- The paper introduces vision transformer-based models employing spatiotemporal attention to detect distracted and drowsy driving.
- It utilizes the Video Swin Transformer and benchmark datasets (NTHU-DDD, DMD) to evaluate performance, achieving 97.5% accuracy in distraction detection.
- The study highlights overfitting challenges in drowsiness detection while emphasizing the potential of transformer models for enhancing automotive safety.
Introduction
The application of computer vision techniques in the automotive industry, specifically for detecting distracted and drowsy driving, is explored through the deployment of vision transformers. In response to the increasing rate of traffic accidents involving distracted or drowsy drivers—comprising 45% of car crashes—this study proposes the utilization of vision transformers as a low-cost, accurate, and minimally invasive detection mechanism. Previous methods employing EEGs, alcohol monitors, and lane detection systems are critiqued for being costly and impractical for comprehensive detection across various unfit driving categories. Vision transformers, as introduced in recent literature, hold significant promise for addressing these challenges by leveraging sophisticated attention mechanisms and adaptable processing architectures.
Figure 1: Difference in processing methods for convolutional neural networks and transformers. CNNs extract edges while the transformer extracts the most important spatial information from the input data.
Methodology
The study investigates two distinct scenarios using video-based classification models: drowsiness detection and distraction recognition. Utilizing the Video Swin Transformer architecture, known for its advanced handling of spatiotemporal data through shifted windows and tubelet embeddings, the research employs datasets NTHU-DDD and DMD for model training and evaluation.
Drowsy Driving Detection
For detecting drowsiness, the Video Swin Transformer processes video sequences from the National Tsing Hua University Drowsy Driving Dataset (NTHU-DDD). The data undergoes preprocessing stages including dimensionality reduction via CNN-based feature maps and encoding through transformer layers to capture per-pixel details. The model is trained over 10 epochs on a Tesla K80 GPU, striving for an optimal balance between computational efficiency and prediction accuracy.

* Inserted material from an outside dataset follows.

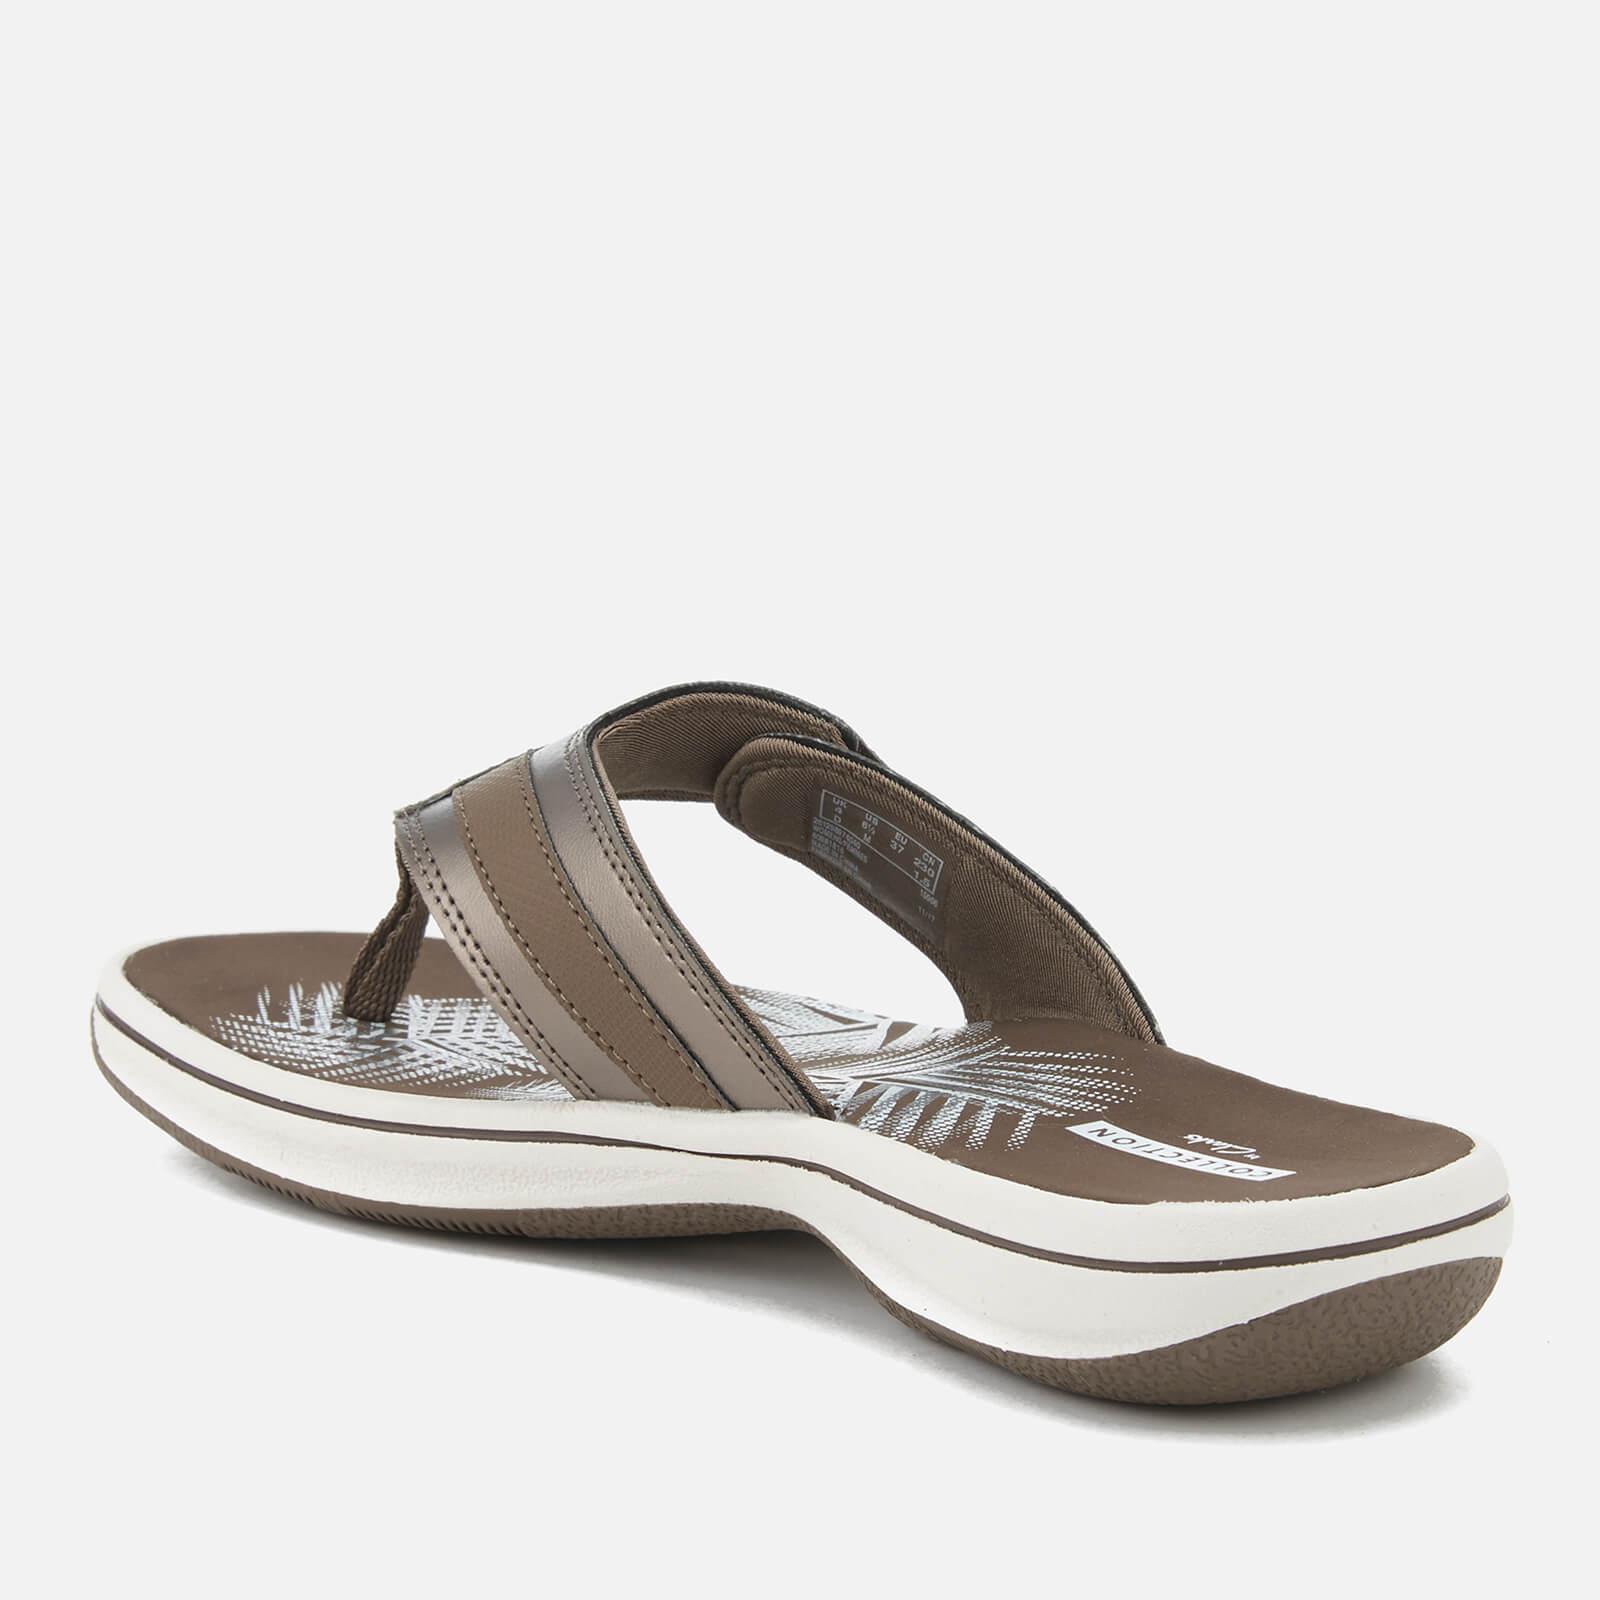 c7d0610179c2 Lyst - Clarks Brinkley Sea Toe Post Sandals in Gray

Figure 2: Illustration of the vision transformer architecture adapted from \cite{Dosovitskiy2021}, inferencing on spatiotemporal data to output a prediction of drowsy/alert.

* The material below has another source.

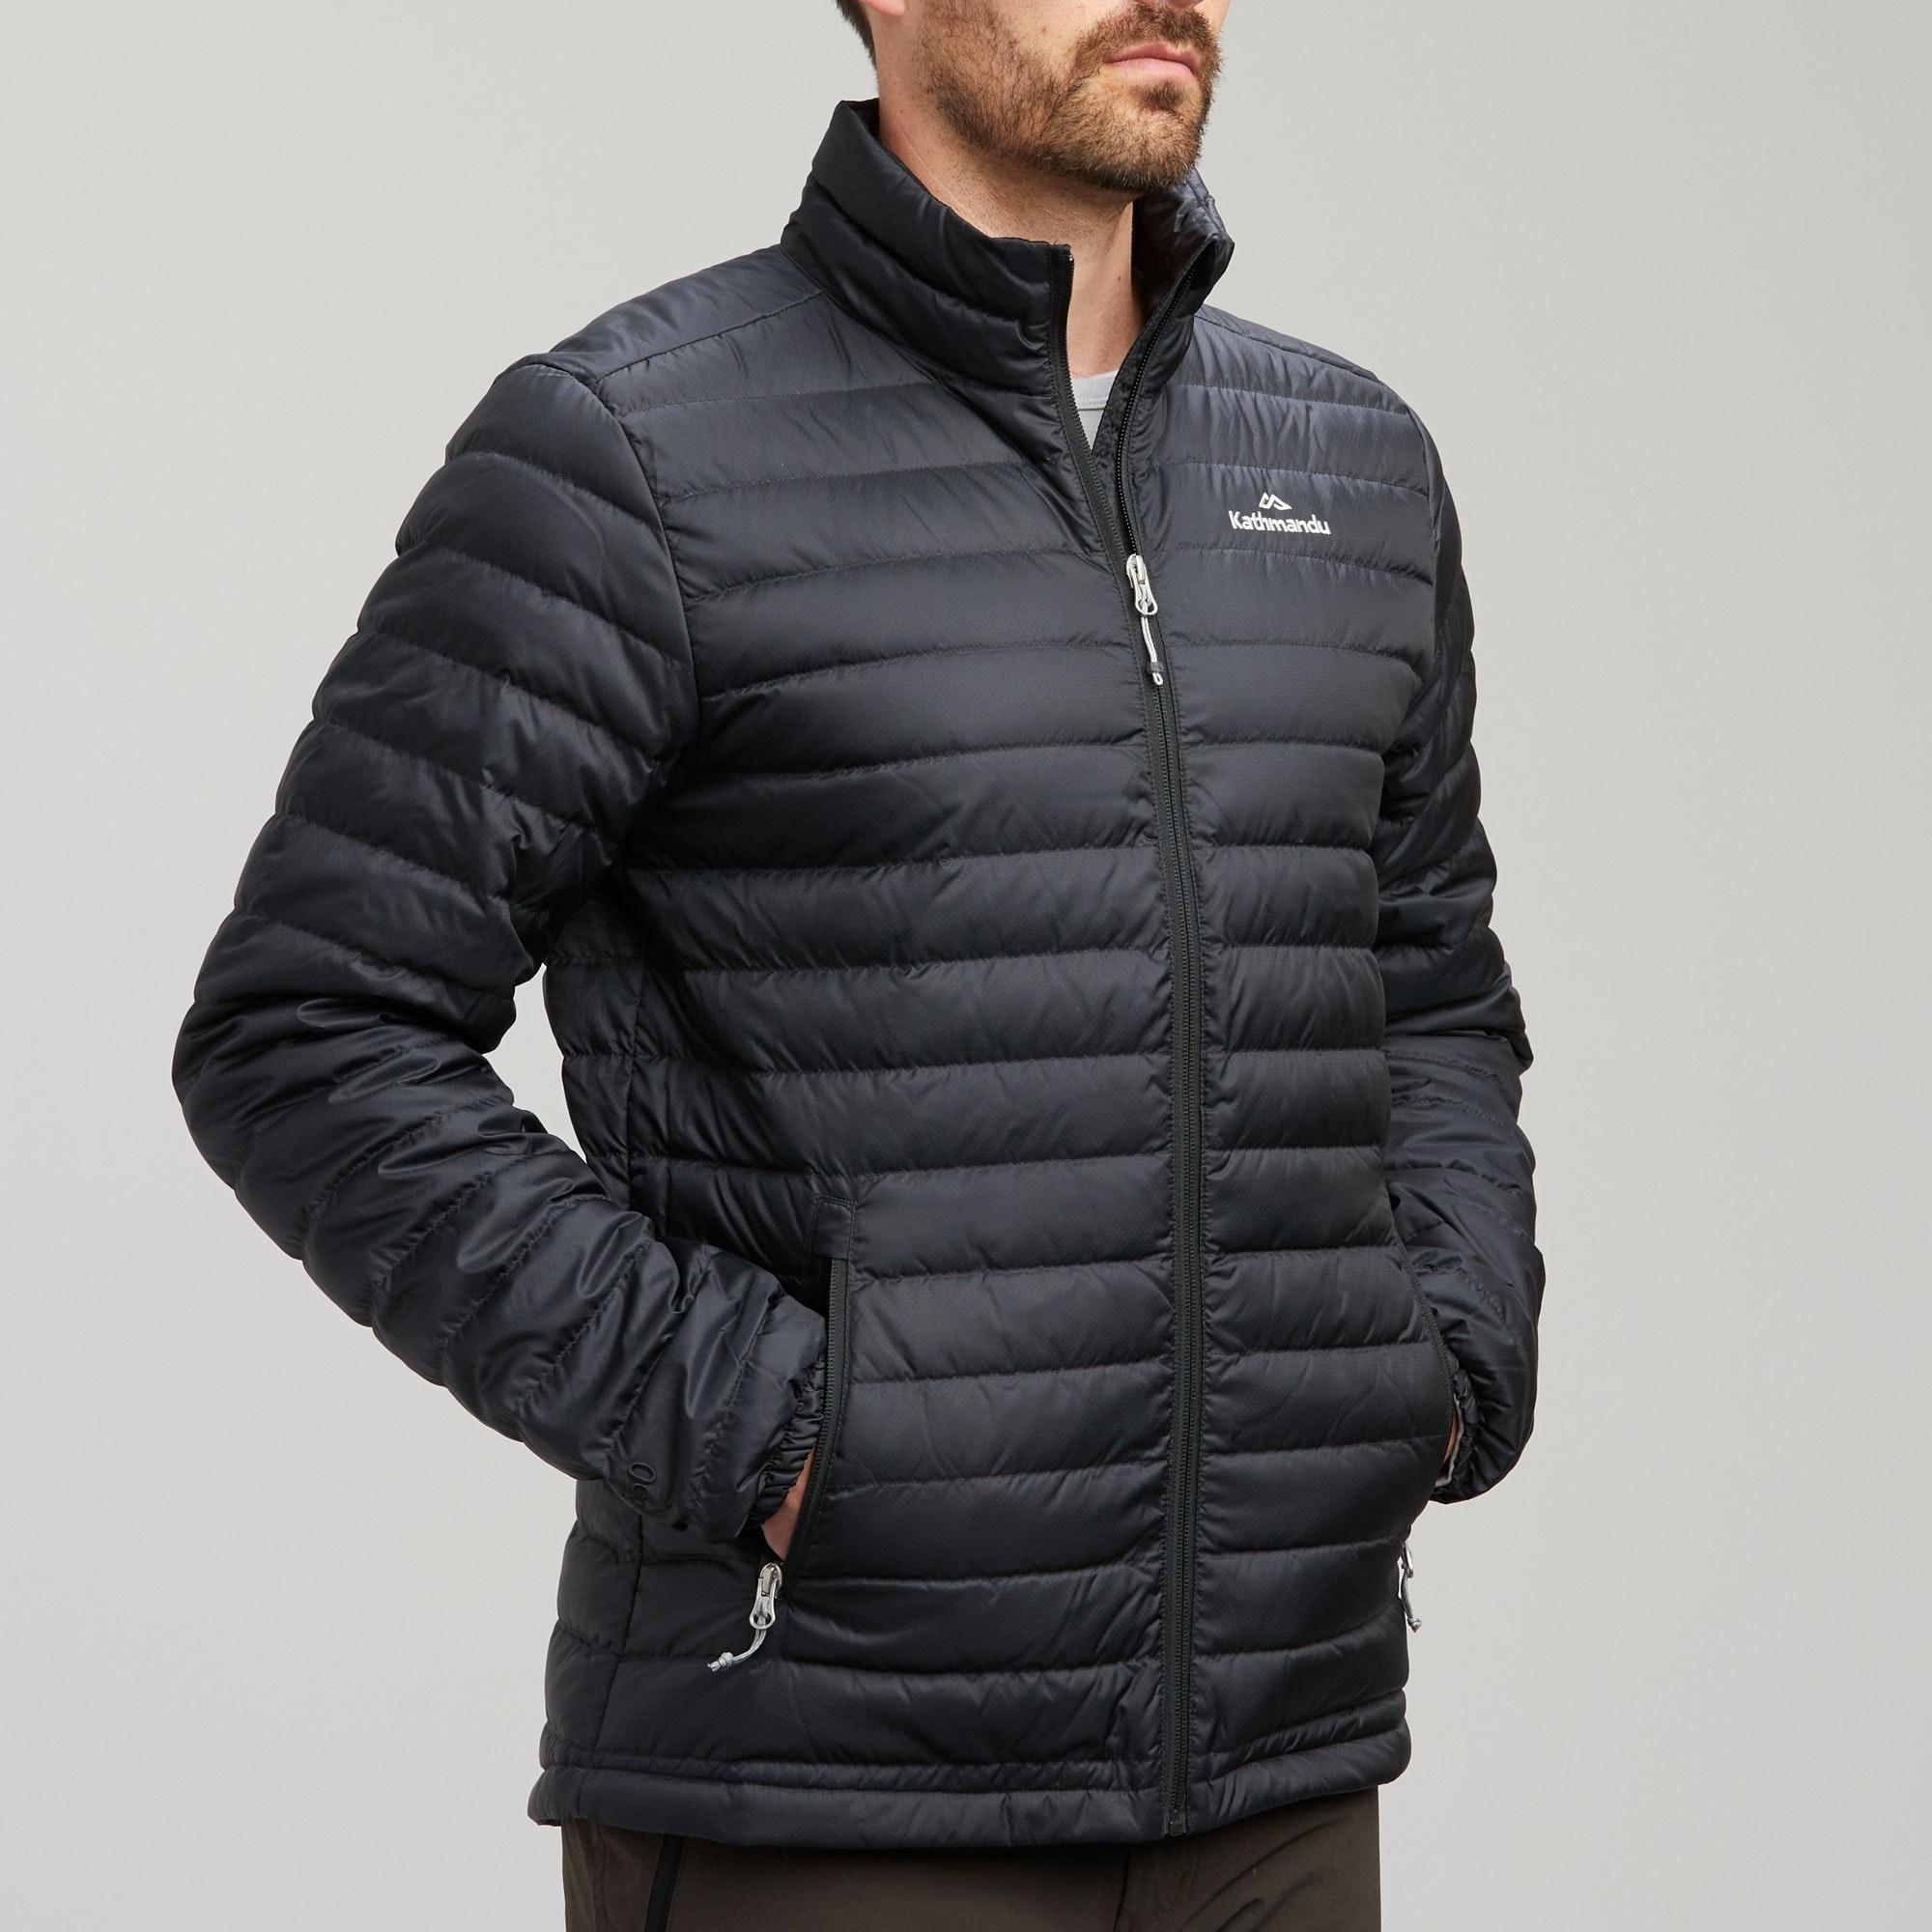 NEW-Kathmandu-Heli-Men-039-s-Lightweight-Duck-Down-Coat-Warm-Puffer-Jacket-v2 thumbnail 12

Distracted Driving Detection
In the distraction recognition scenario, the Driver Monitoring Dataset (DMD) serves as the benchmark, embodying nine classes related to driver distractions. The Video Swin Transformer utilizes a comprehensive patch extraction method, forming embeddings through overlapping spatial-temporal windows. This setup considers higher GFLOPs, accommodating the architecture's complexity and higher data fidelity requirements. Model training on a Tesla T4 GPU underscores the computational demands while delivering superior accuracy.
Results
The experiments reveal distinct outcomes for the two scenarios tested. The drowsy driving transformer struggled to surpass existing CNN approaches on NTHU-DDD, achieving only 44% accuracy—indicative of overfitting and insufficient data representation (exemplified by high loss values).
Figure 3: Training accuracy of the vision transformer on NTHU-DDD compared to the previous state-of-the-art with a CNN-based architecture.

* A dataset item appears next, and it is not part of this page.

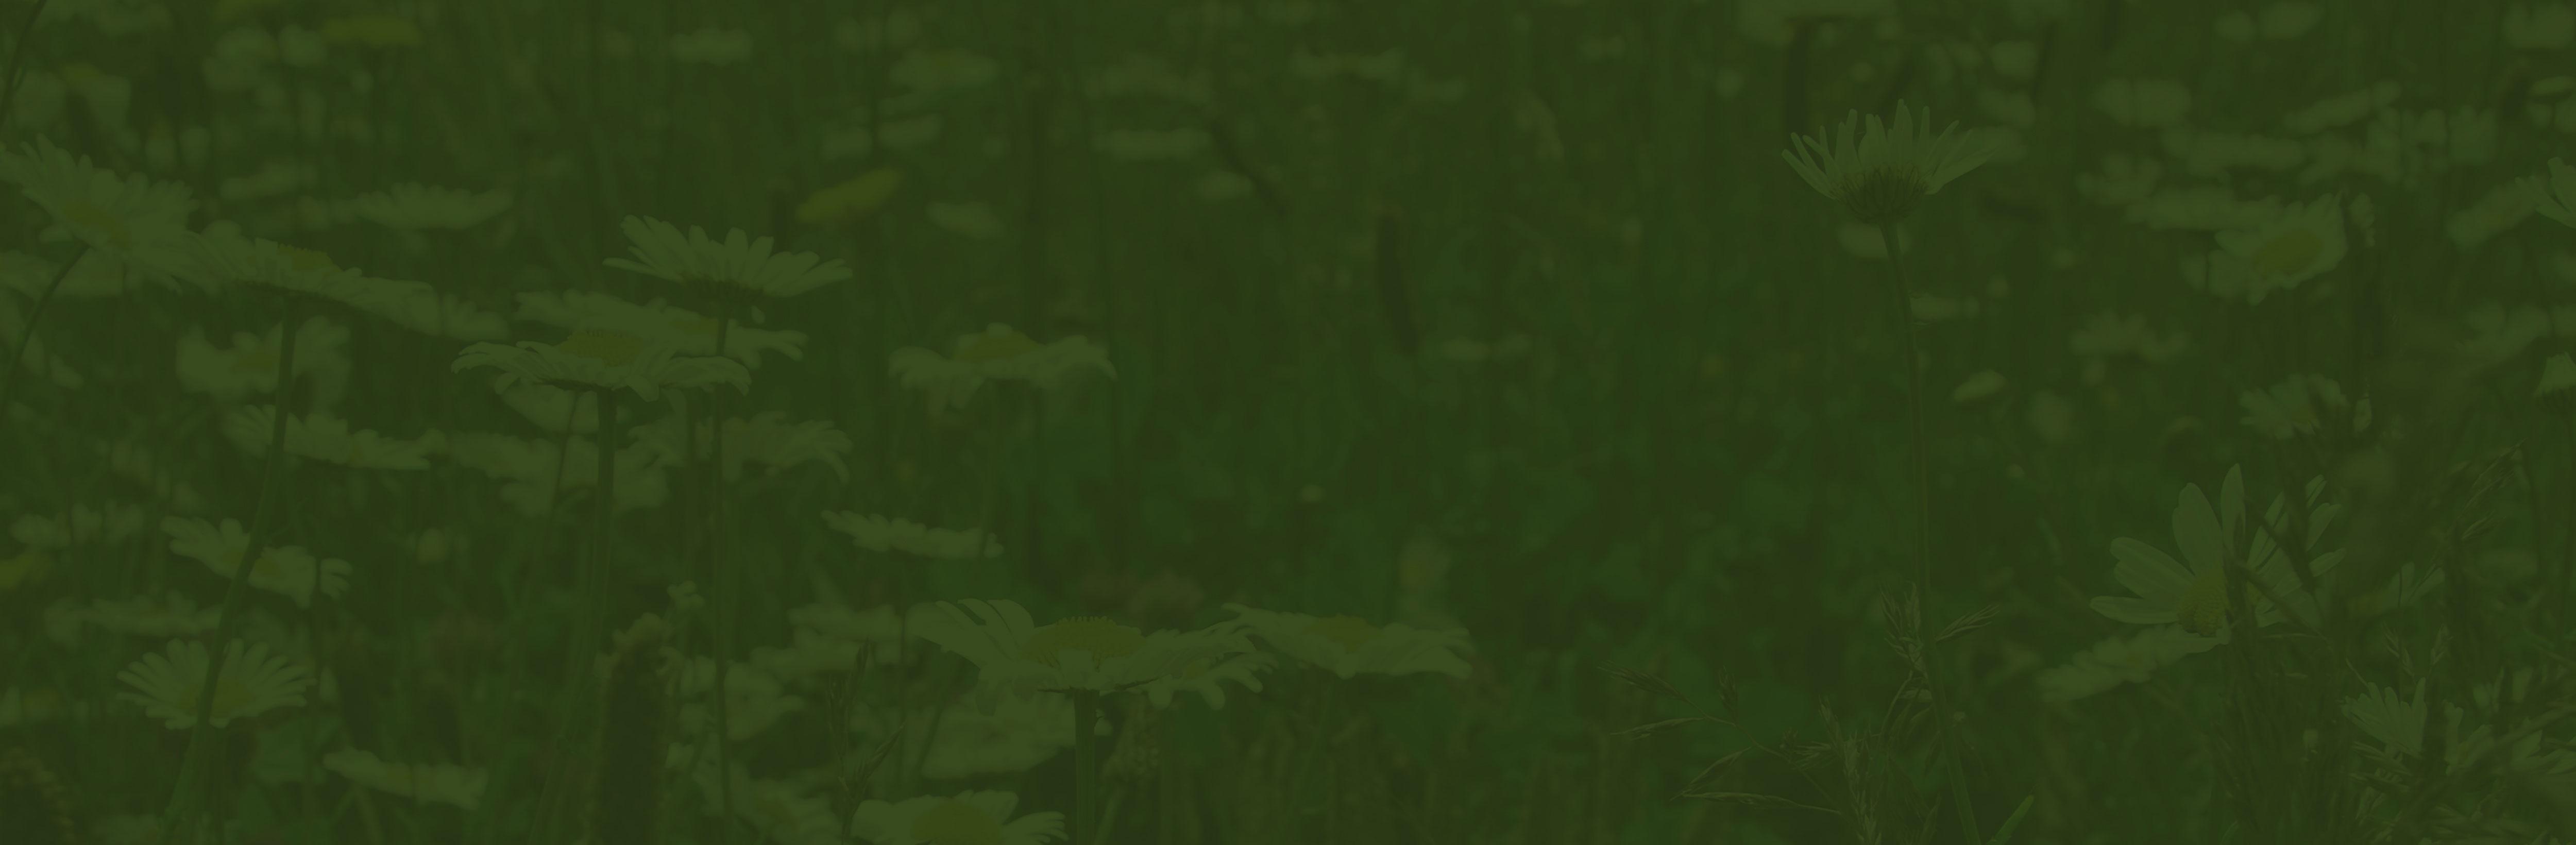 Vegetation Blankets | Sedum - MIX Type TD | Roof substrates

Figure 4: Training and validation cross-entropy loss over 10 epochs for detecting drowsy driving on NTHU-DDD with Video Swin Transformer.
Conversely, for distracted driving detection on DMD, the Video Swin Transformer achieved a notable 97.5% accuracy, a marginal yet significant improvement over the prior state-of-the-art results, confirming the model's adequacy for distraction-related categorizations.
Figure 5: Training accuracy of the Video Swin Transformer on DMD compared to the previous state-of-the-art \cite{canas_dmd}.
Conclusion
This study presents an initial exploration into deploying vision transformers for detecting various forms of unfit driving, with promising outcomes particularly for distraction recognition. The capability of vision transformers to outperform traditional CNN methods in certain contexts underscores their potential in automotive safety systems. Nonetheless, challenges remain in extending such success across all categories of unfit driving, particularly for drowsiness detection. Future work should focus on enriching datasets, incorporating newer transformer variants like TokenLearner, and integrating models into scalable real-world solutions, including mobile device deployments. As automation and driver monitoring systems advance, these techniques may substantially impact automotive safety measures and legal requirements mandating driver monitoring systems.